Top of INFORMATION PROVIDED
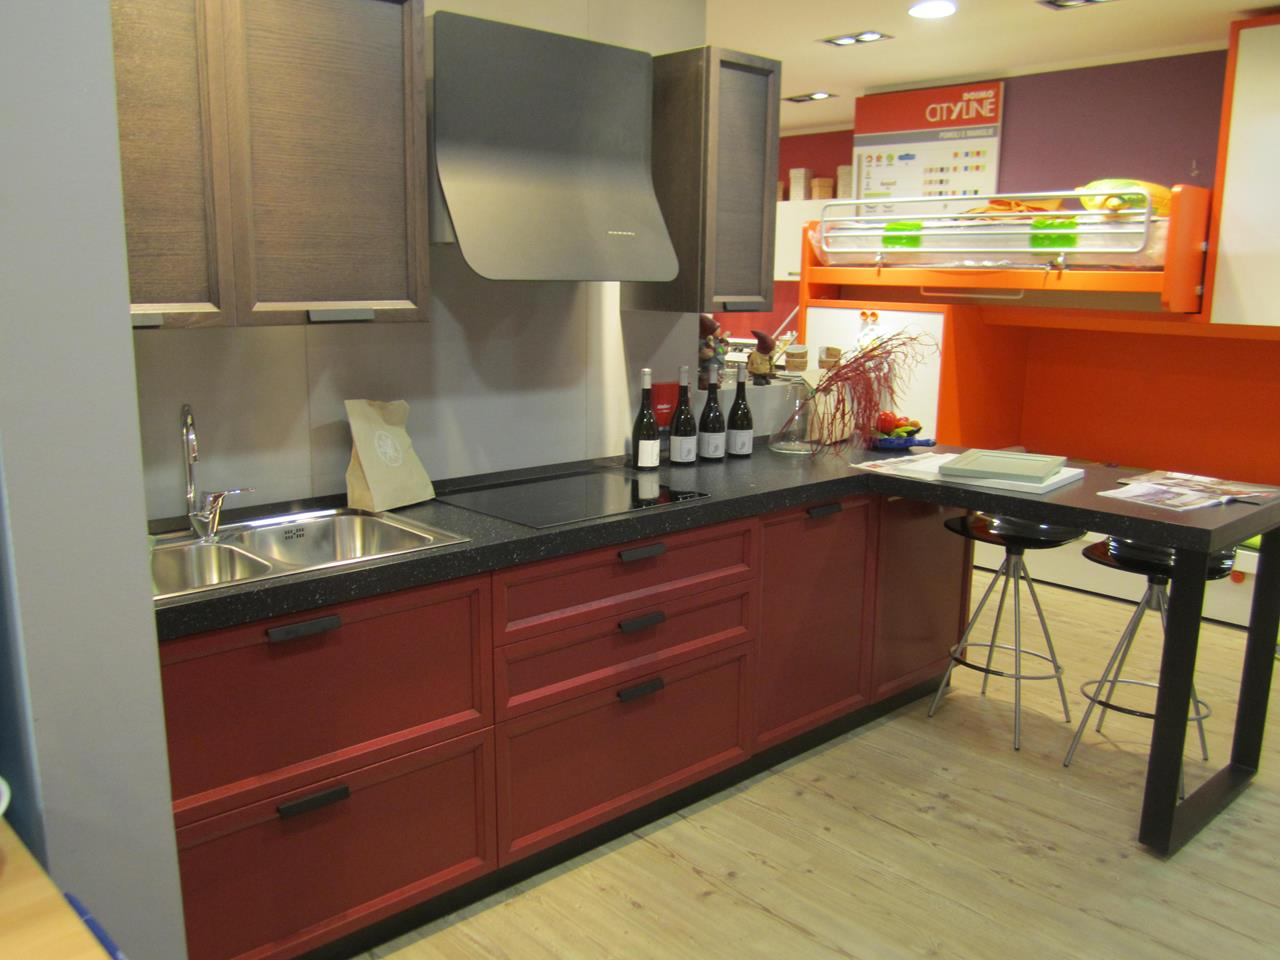 Cucine nuoro - Net cucine new smart ...
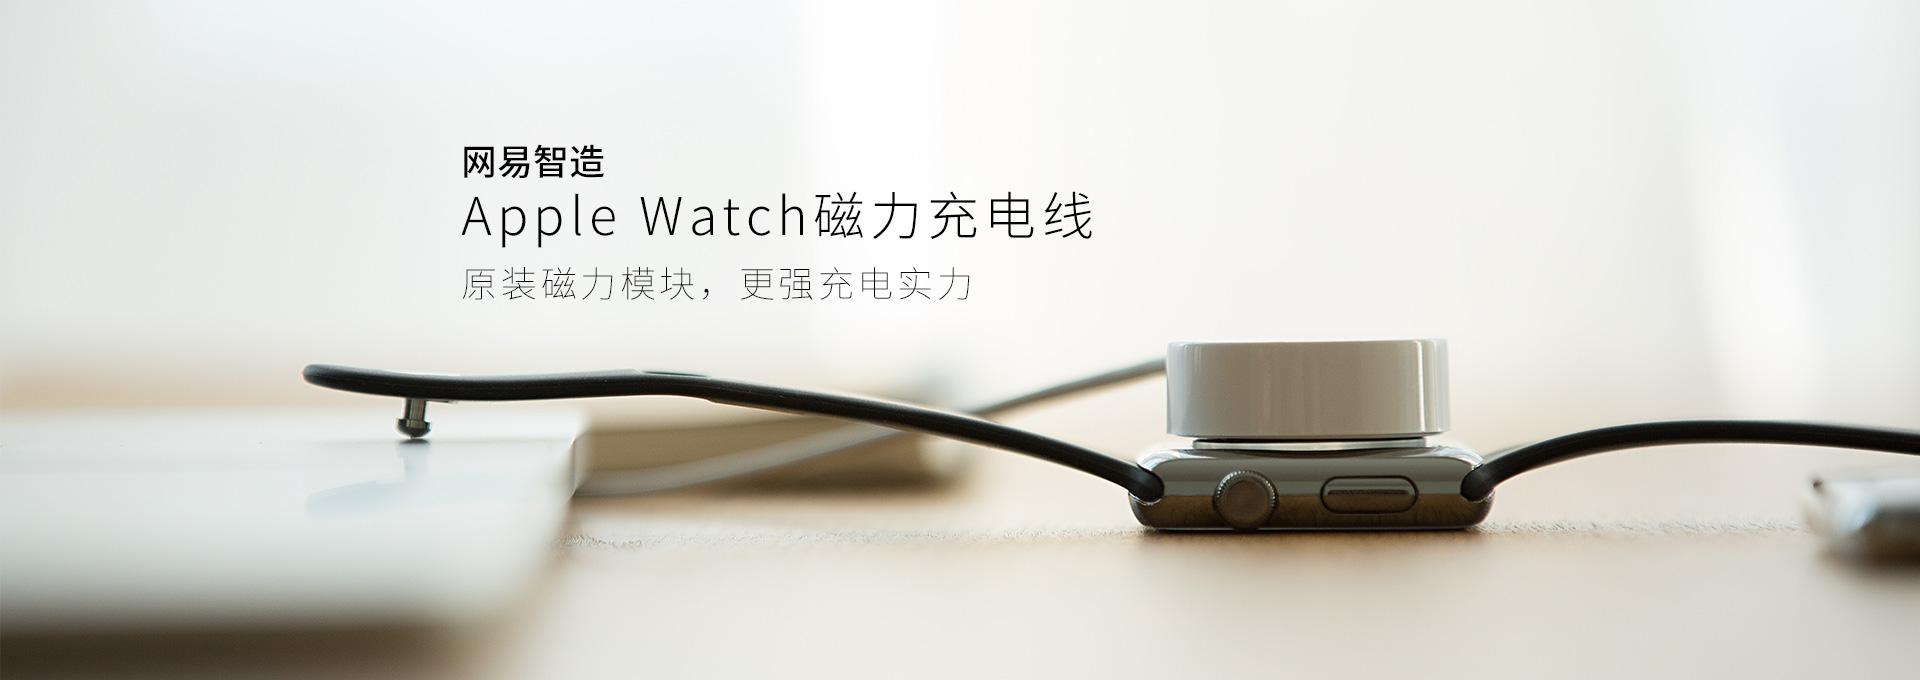 Apple Watch磁力充电线
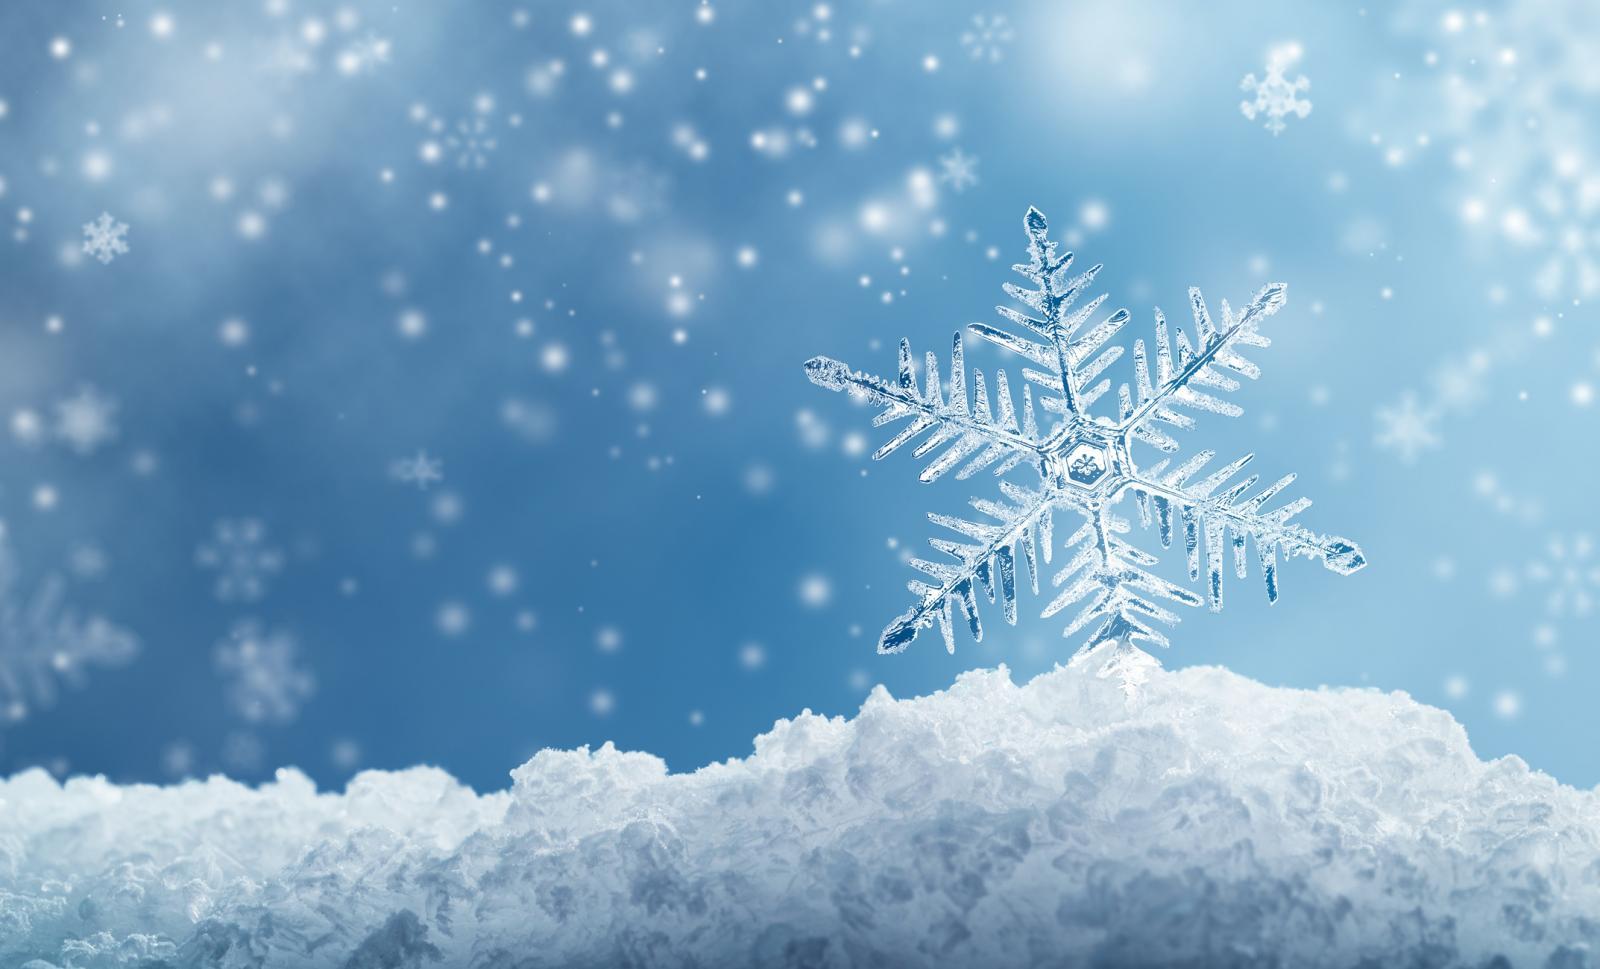 Real Snowflakes Falling Wallpaper 2018 Musical Frozen Broadway Em Nova York Imgressos Em
Bottom of INFORMATION PROVIDED
**TO DO:** Leaving out all pictures, transcribe the listing exactly.

**OUTPUT OF THE EXERCISE:**
 Cucine nuoro - Net cucine new smart ...
 Apple Watch磁力充电线
 Real Snowflakes Falling Wallpaper 2018 Musical Frozen Broadway Em Nova York Imgressos Em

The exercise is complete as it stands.